§ The problem
The answer must give back every line of the data exactly, with no pictures.

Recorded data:

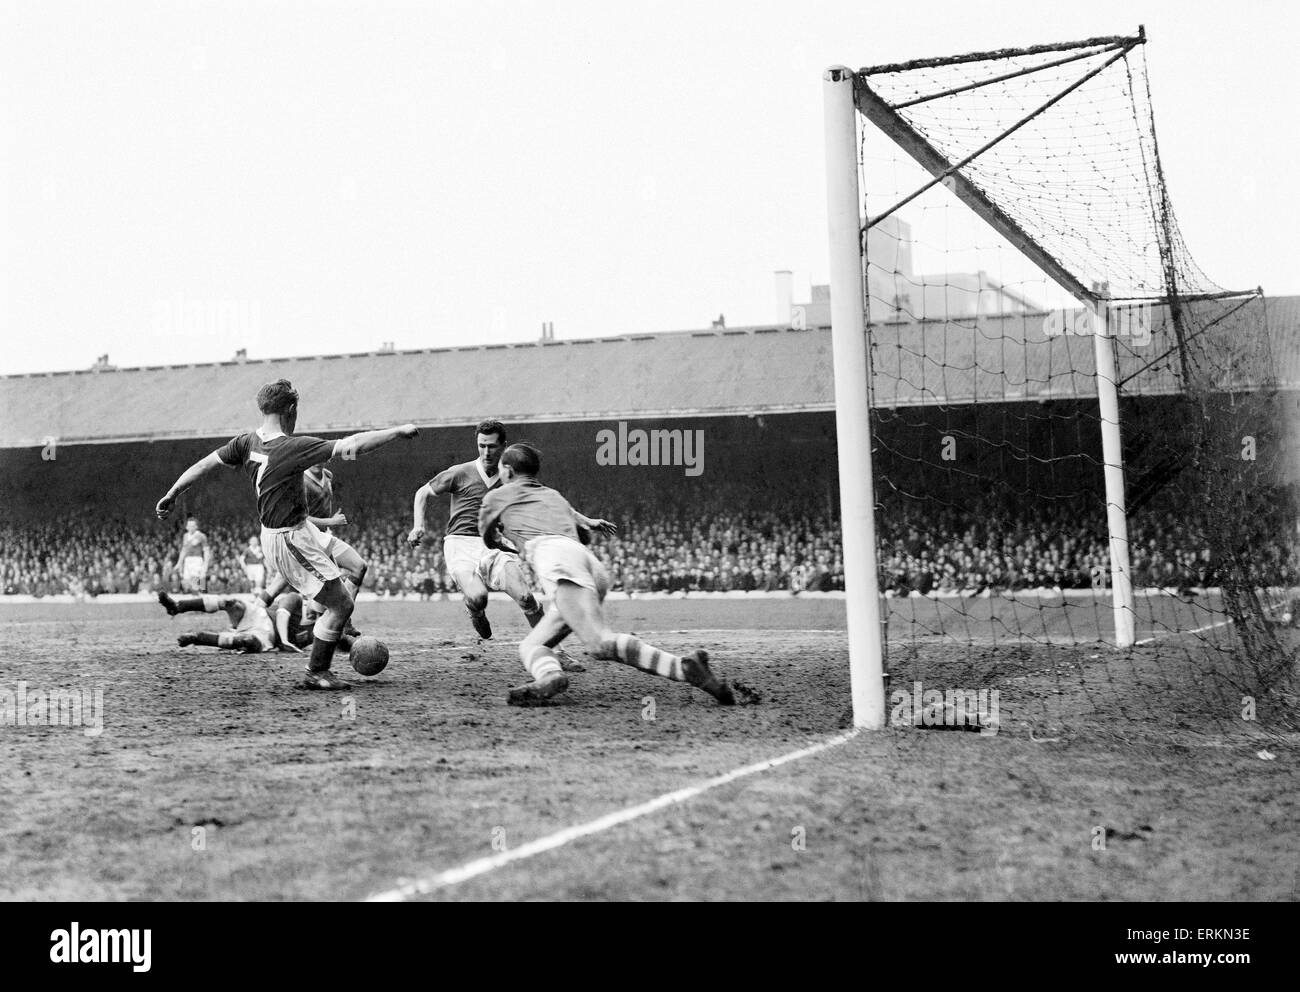 FA Cup Fifth Round Second Replay match. Birmingham City 0 v Nottingham Forest 5. Roy Dwight scores Forest's fourth goal. 23rd February 1959. Stock Photo
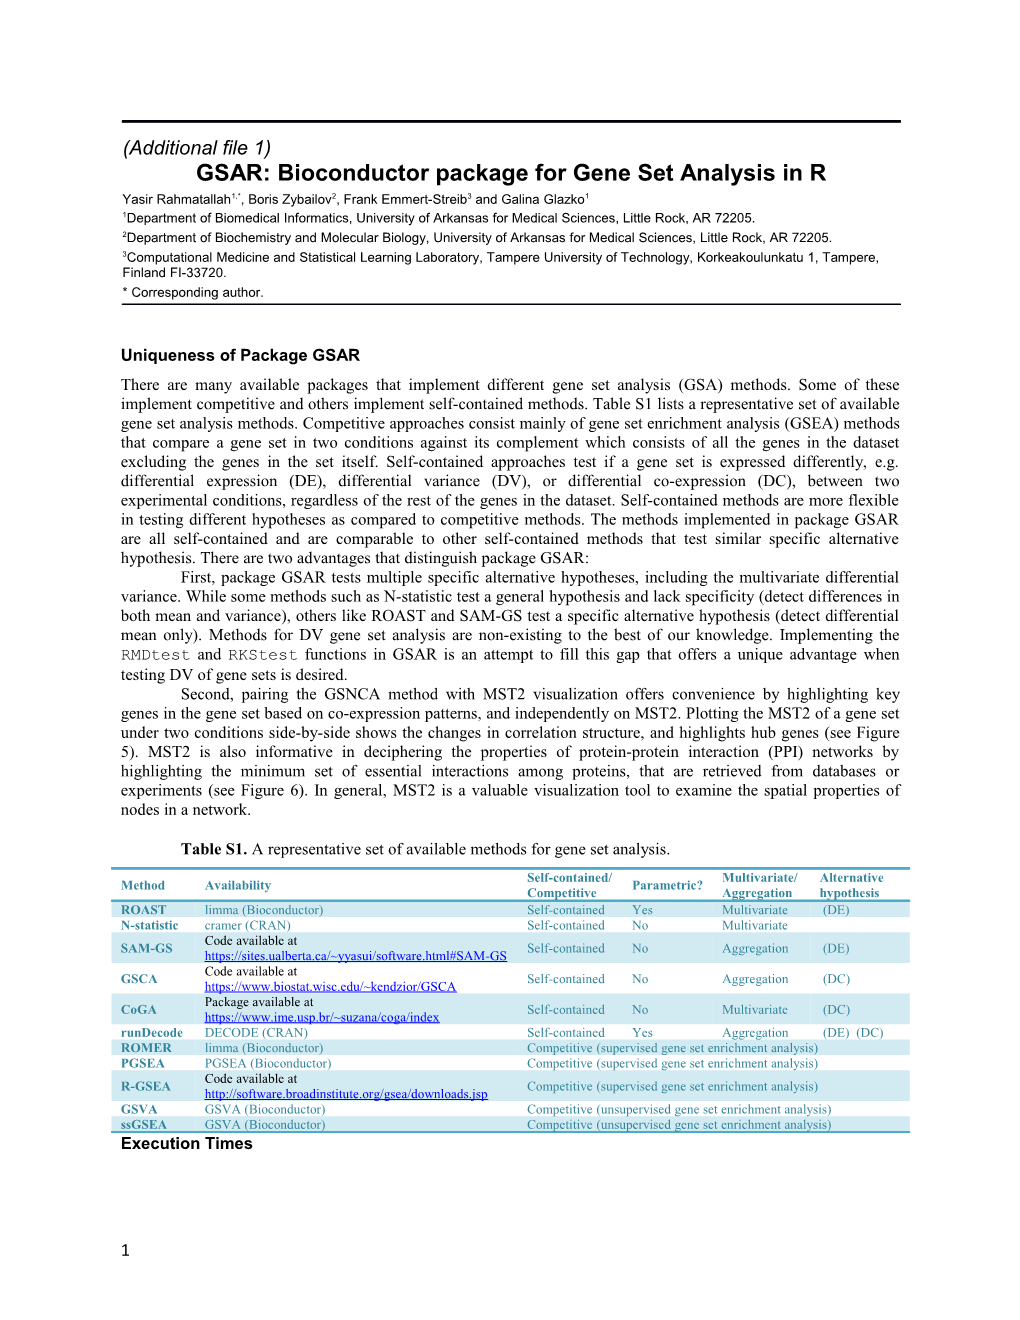 Uniqueness of Package GSAR
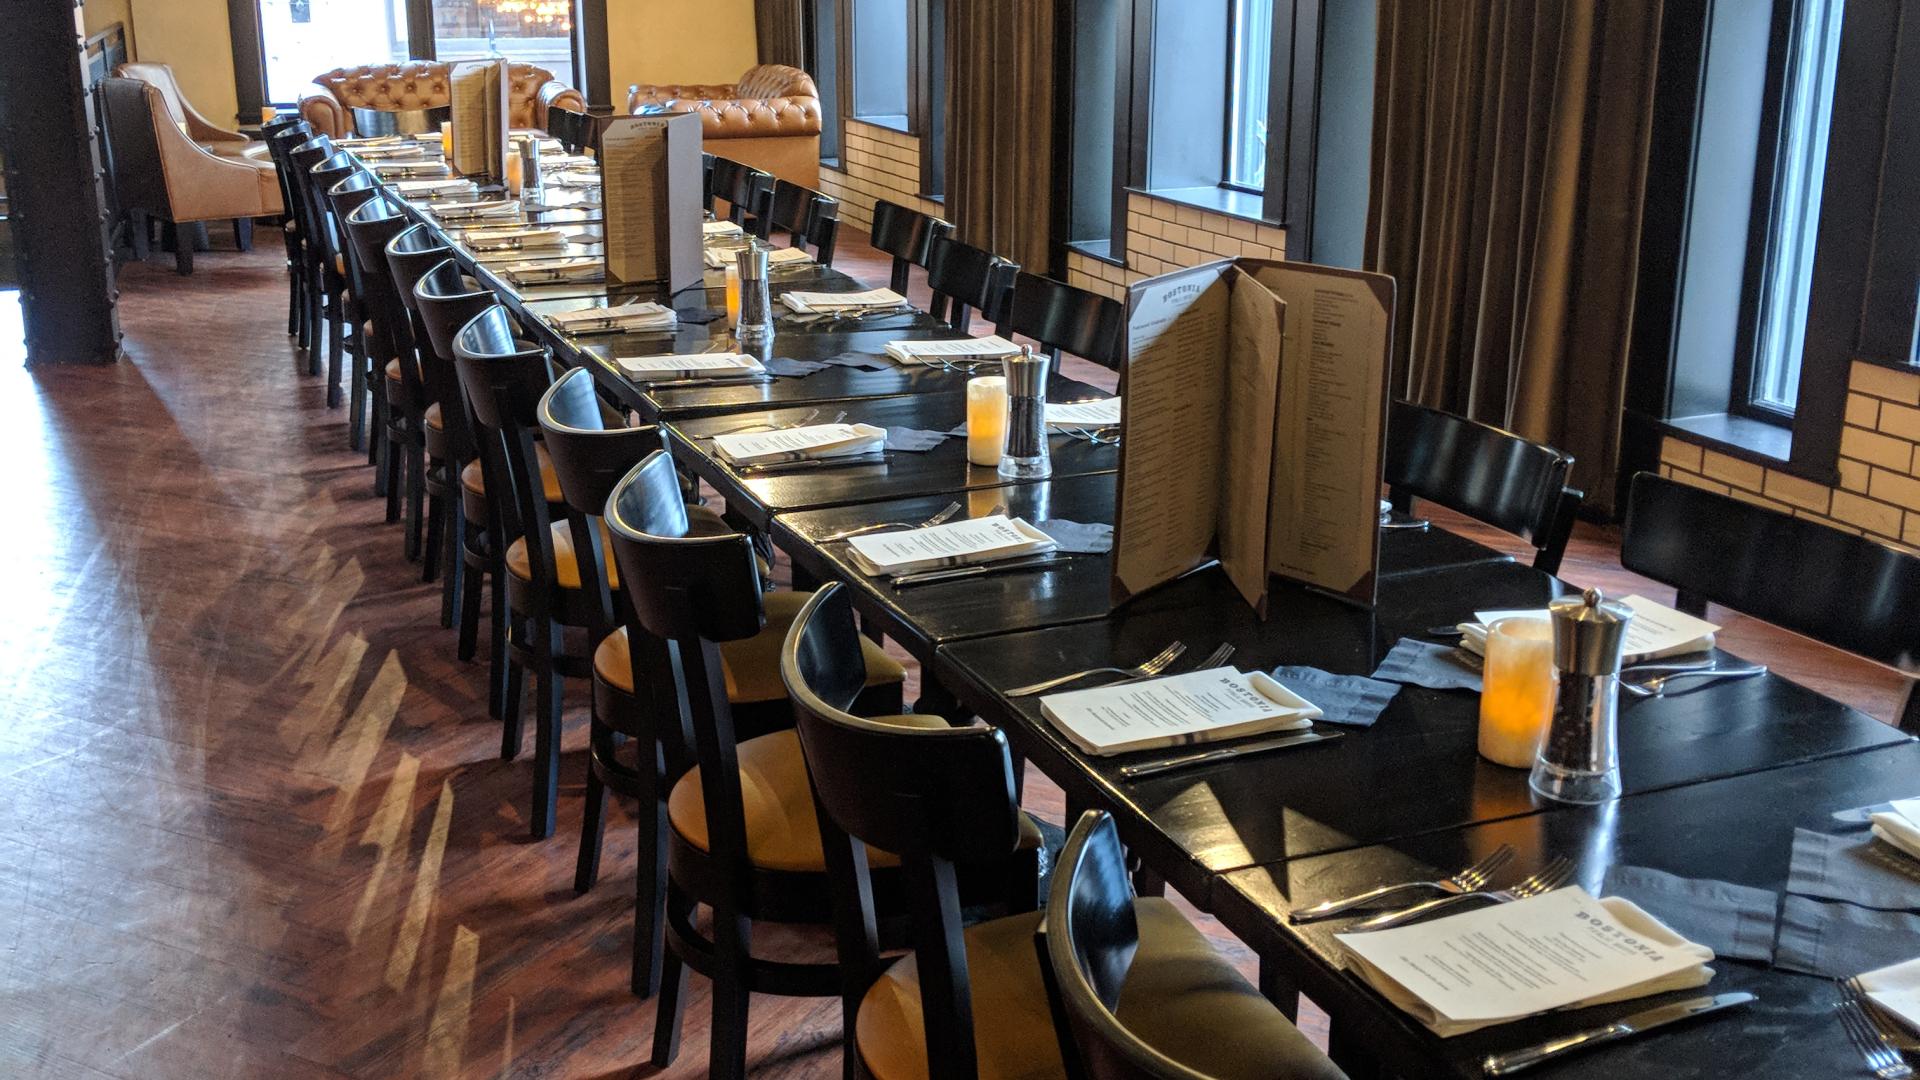 Restaurants with Private Rooms for Rent in Boston, MA
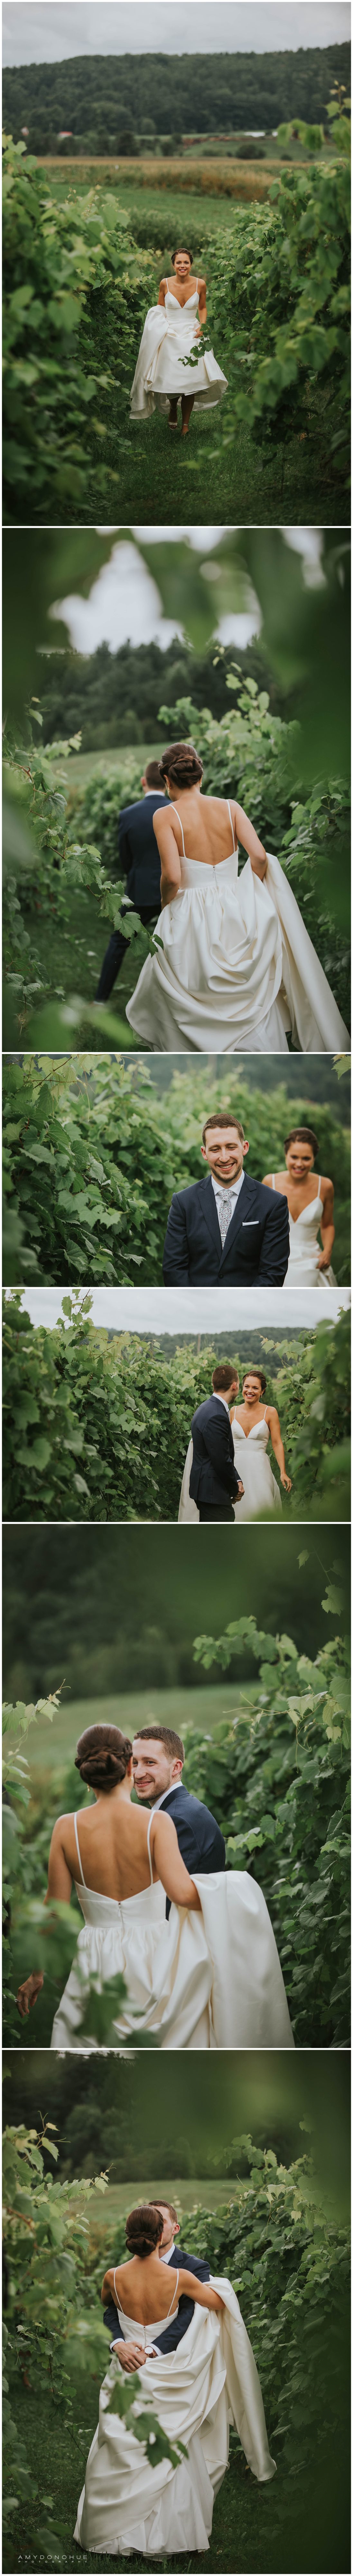 Bride and Groom First Look | The Barn at Boyden Farms | Vermont Wedding Photographer | © Amy Donohue Photography
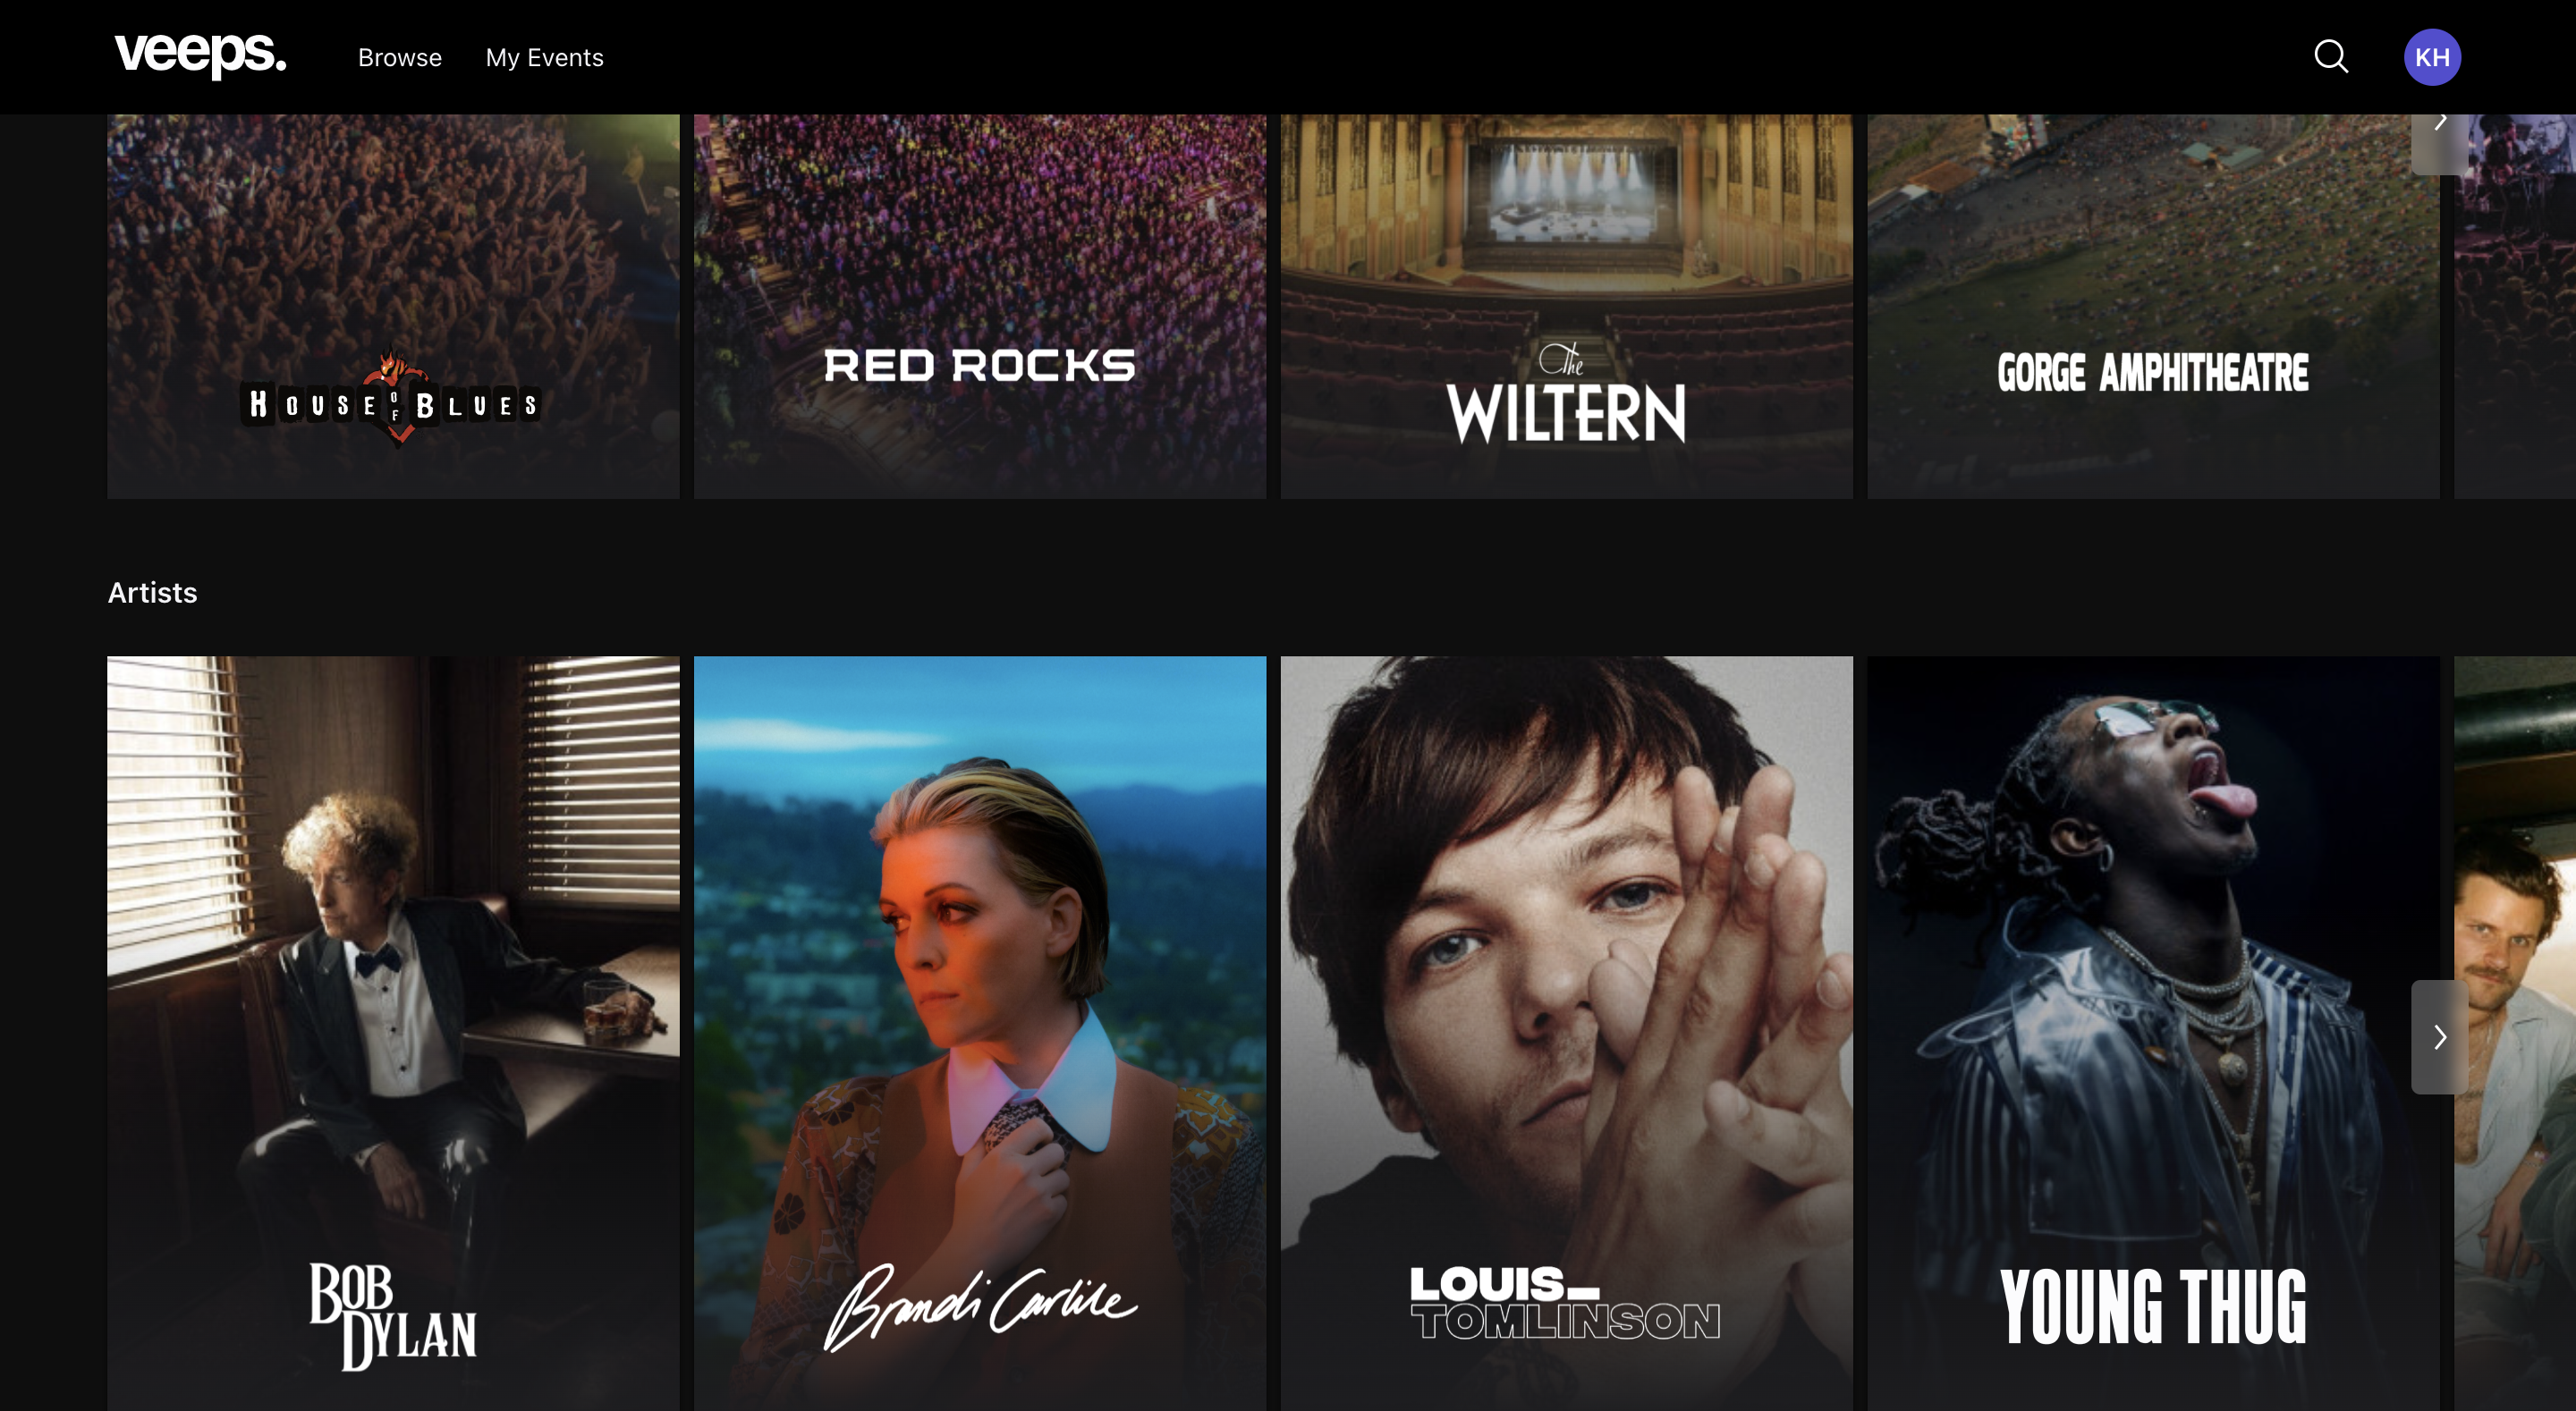 Veeps UI showing venues on the platform, including House of Blues, Red Rocks, The Wiltern, and Gorge Amphitheatre. The UI also shows artists, including Bob Dylan, Brandi Carlile, Louis-Tomlinson, and Young Thug.

§ Output for this exercise
 FA Cup Fifth Round Second Replay match. Birmingham City 0 v Nottingham Forest 5. Roy Dwight scores Forest's fourth goal. 23rd February 1959. Stock Photo
 Uniqueness of Package GSAR
 Restaurants with Private Rooms for Rent in Boston, MA
 Bride and Groom First Look | The Barn at Boyden Farms | Vermont Wedding Photographer | © Amy Donohue Photography
 Veeps UI showing venues on the platform, including House of Blues, Red Rocks, The Wiltern, and Gorge Amphitheatre. The UI also shows artists, including Bob Dylan, Brandi Carlile, Louis-Tomlinson, and Young Thug.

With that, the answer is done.